Внушительная передняя со вкусом покрашена в приглушенные цвета, а на полу выложен сложный узор мозаики. Витражные панели по обе стороны двери создают на плитах игру света и тени. Большая готическая вешалка для пальто и шляп прячется у стены слева от входа, а две пышные зеленые аспидистры (их любовно называют «незамужними тетками») в керамических горшках, водруженные на подставки из красного дерева, стоят по обе стороны от центральной лестницы. Слева от лестницы – приемная с огромными кожаными креслами и квадратным стеклянным журнальным столиком, где представлены журналы «Дом и сад», «Леди» и «ДжиКью» (под которыми Хелен прячет желтую прессу – журналы «Хеллоу!» и «Окей!») и большой прямоугольный аквариум со стайкой медлительных разноцветных тропических рыбок. В дальнем конце комнаты, напротив окна, – полированный деревянный стол, за которым сидит Хелен. Она говорит по телефону.
– Сочувствую, что у вас такие ужасные боли… Вы можете сегодня? Мы могли бы найти для вас время в 2:30, если это так срочно, – перемена тона почти незаметна, но раздражение явно отображается на лице. – Значит, в это время вы у парикмахера? – Хелен прикрывает трубку рукой и шипит мне: – Значит, не такие уж «неописуемые мучения» и «приступы боли»?

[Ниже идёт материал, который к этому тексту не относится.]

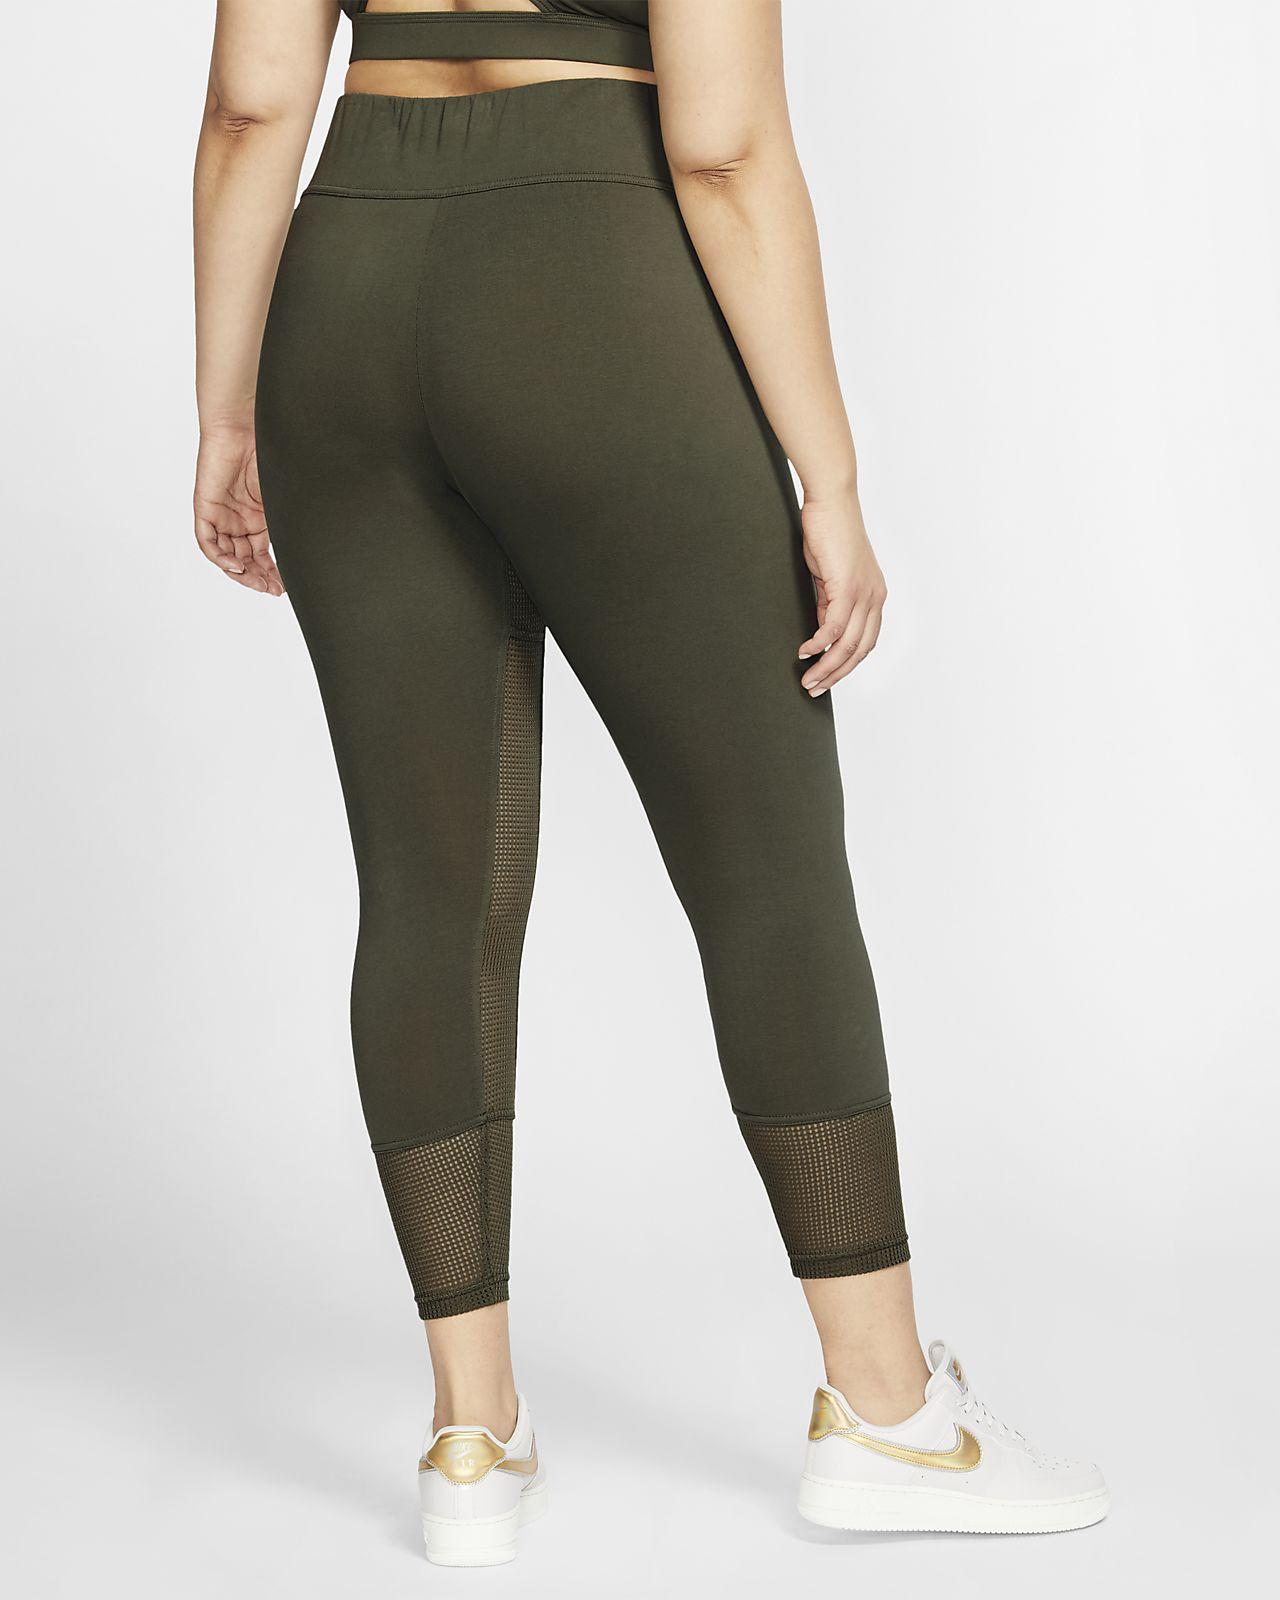 2fba99ddf02672 Low Resolution Nike Sportswear Women's Mesh Leggings (Plus Size) Nike  Sportswear Women's Mesh Leggings (Plus Size)

«Парк Клиник» предоставляет три вида лечения: психотерапию, физиотерапию и акупунктуру. Хелен говорит, что нас нужно называть «Проблемы, прогрев и проколы». Я – психотерапевт. Переучилась, когда ушла из совета, наконец пригодилось психологическое образование. Епифания сказала, это словно поджигатель стал пожарным, но на самом деле это было частью моего плана по выживанию. Когда умер Габриель и я начала изучать, как тонут люди, однажды я зашла слишком далеко и чуть не погибла. Вода была очень холодной, и я провела внизу слишком много времени. Меня вытащили как раз вовремя, и я сделала вид, будто это была глупая случайность. Но знала, что на самом деле это было нечто большее, и извлекла для себя ценный урок. Я борюсь за жизнь и не хочу умирать. Проблема была в том, что я зависела от собственных эмоций, – мне не хватало контроля, и иногда скорбь одолевала силу воли.

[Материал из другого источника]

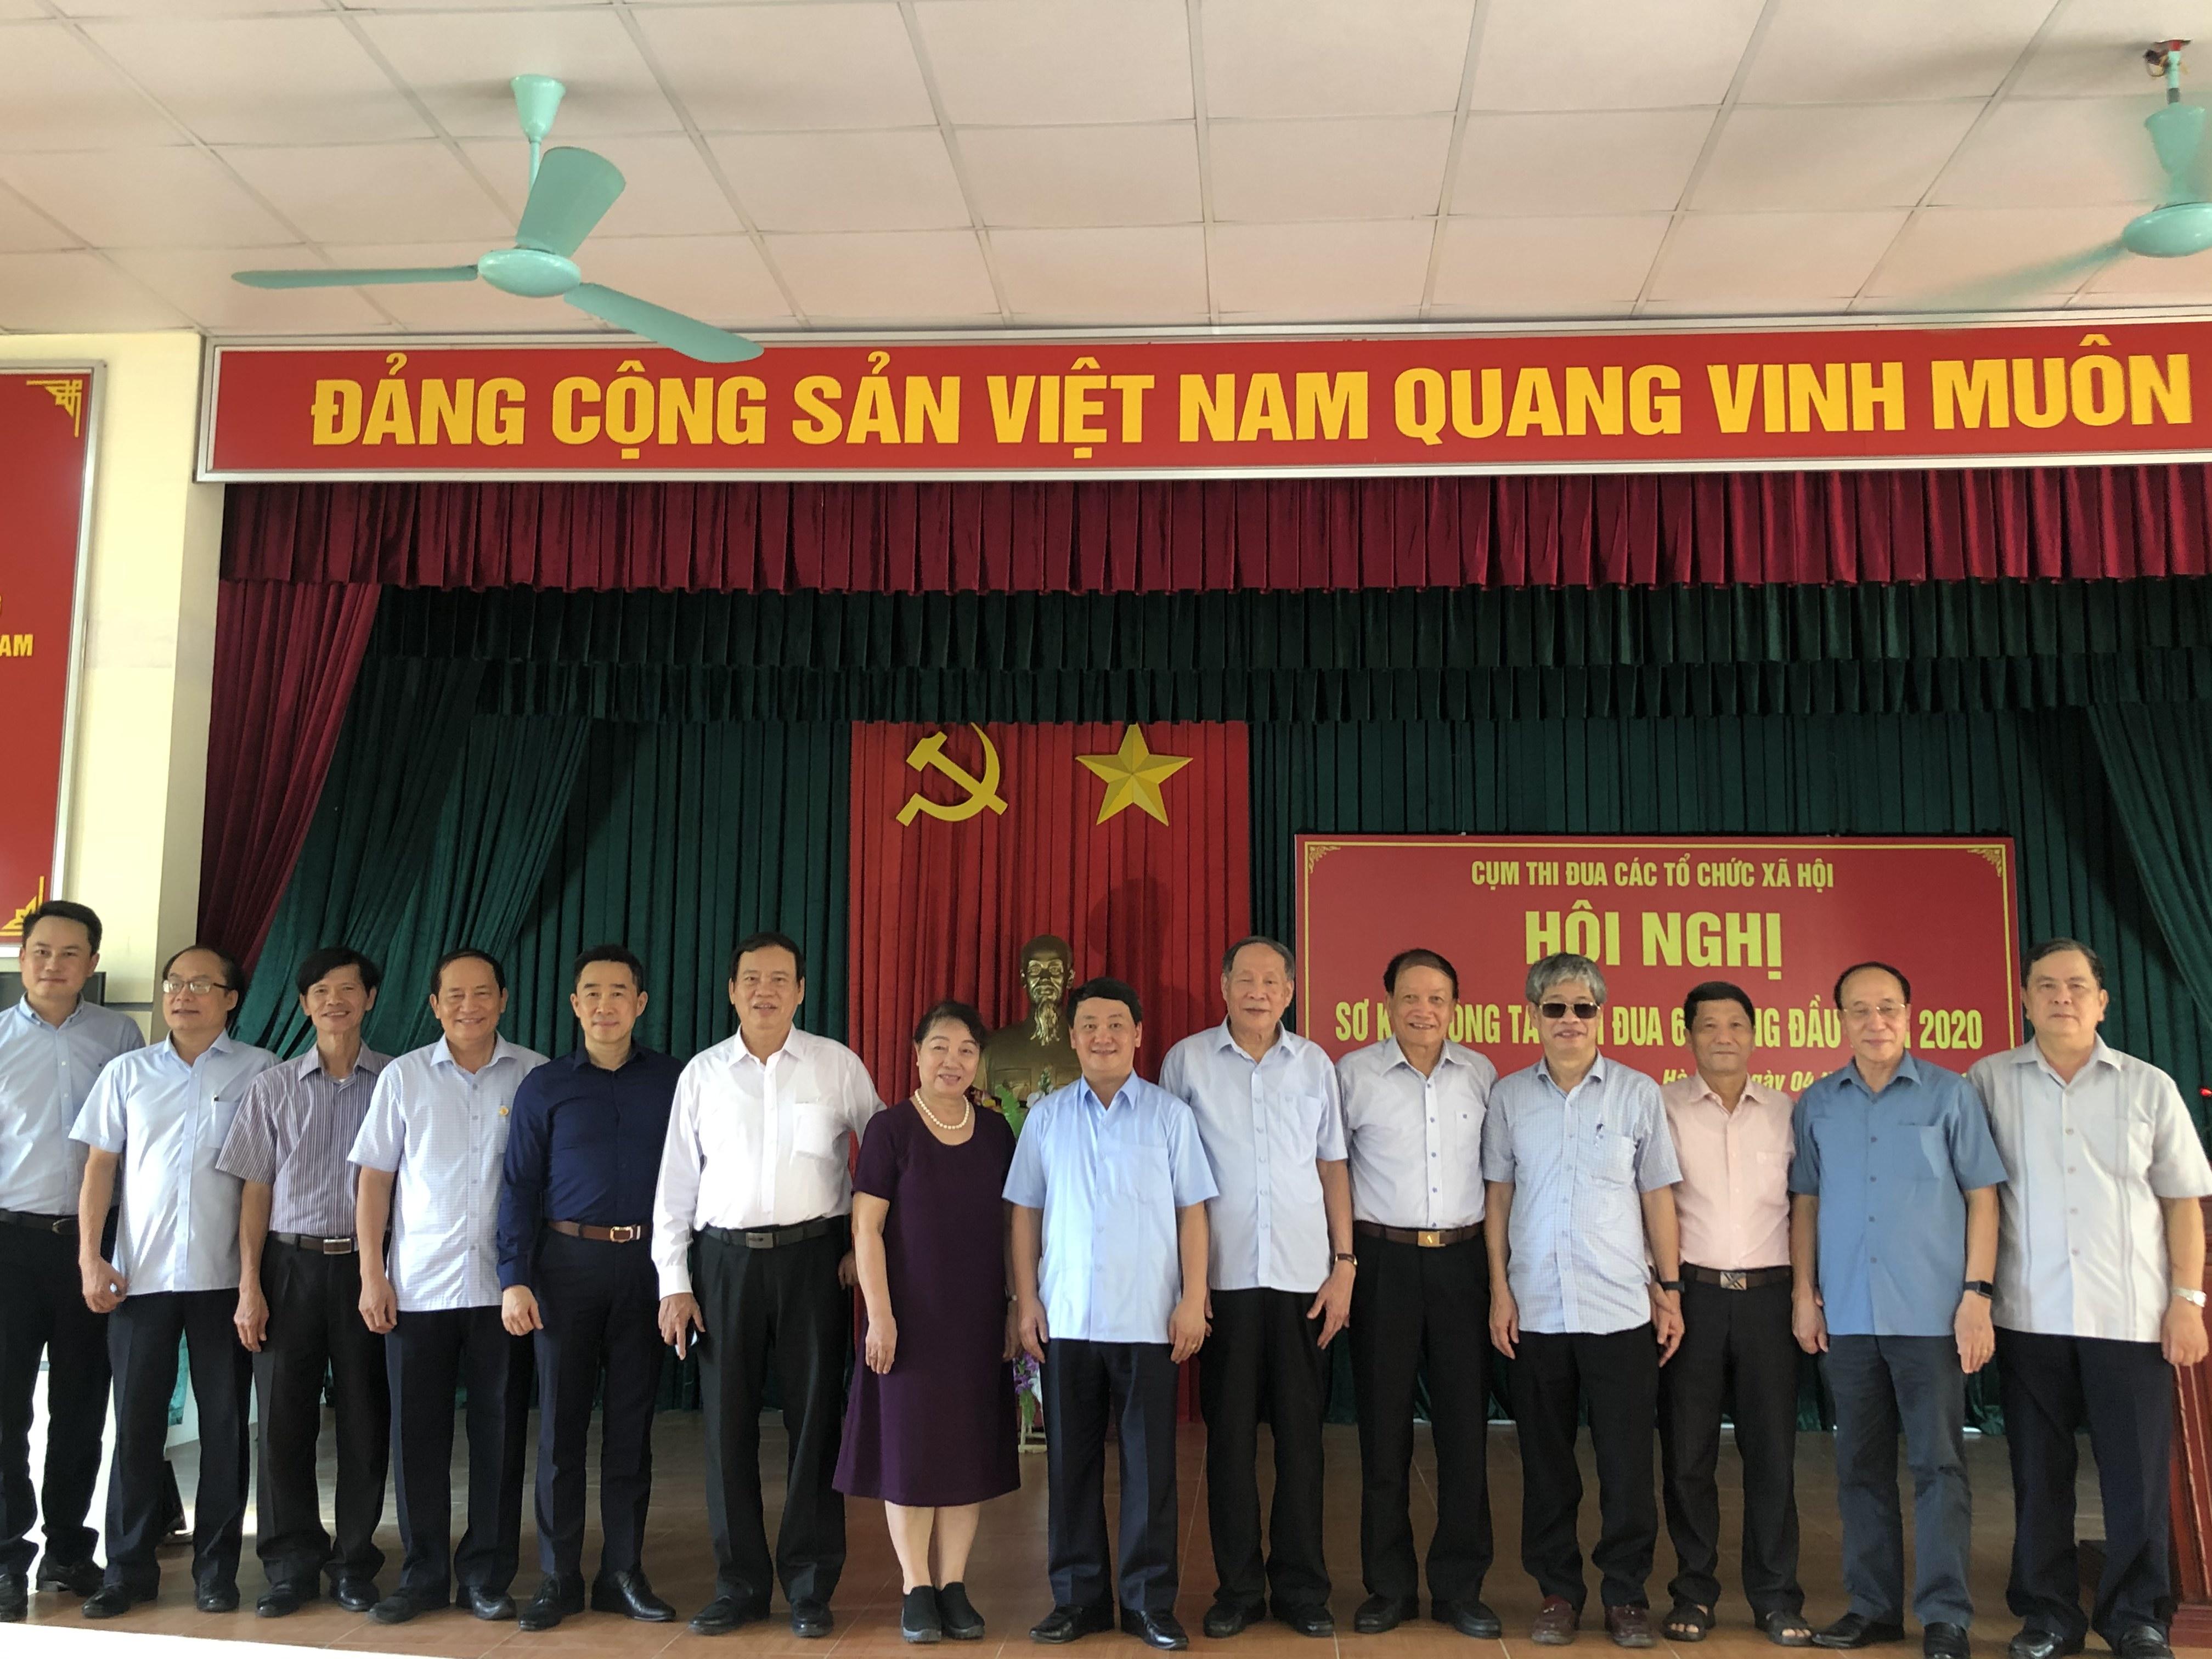 Phó Chủ tịch - Tổng Thư ký Hầu A Lềnh và các đại biểu tại hội nghị.

Поэтому я придумала план по выживанию. Первым делом я взяла Хайзума. Его бы я никогда не оставила – он теперь любовь моей жизни. Затем я выучилась на психотерапевта. Научилась понимать свои эмоции, и с этим знанием пришла определенная степень контроля. Я никогда никому не рассказывала, как чуть не утонула, даже когда сама посещала специалиста в рамках профессионального образования. Честно говоря, мне стыдно, и я от себя такого не ожидала. У меня много слабостей, не всегда приятных – я нетерпеливый водитель, я устраивала пожары, я люблю макать в чай печенье, – но пораженцем я никогда не была. А утонуть, умышленно или по неосторожности, – явное пораженчество. Мой план по выживанию сработал, и я жива. Но теперь я хочу большего. Я не хочу, чтобы моя жизнь определялась чьей-то смертью, пусть даже единственного сына. Хайзум помог мне не умереть, но теперь я хочу снова жить, а не выживать. Даже весной.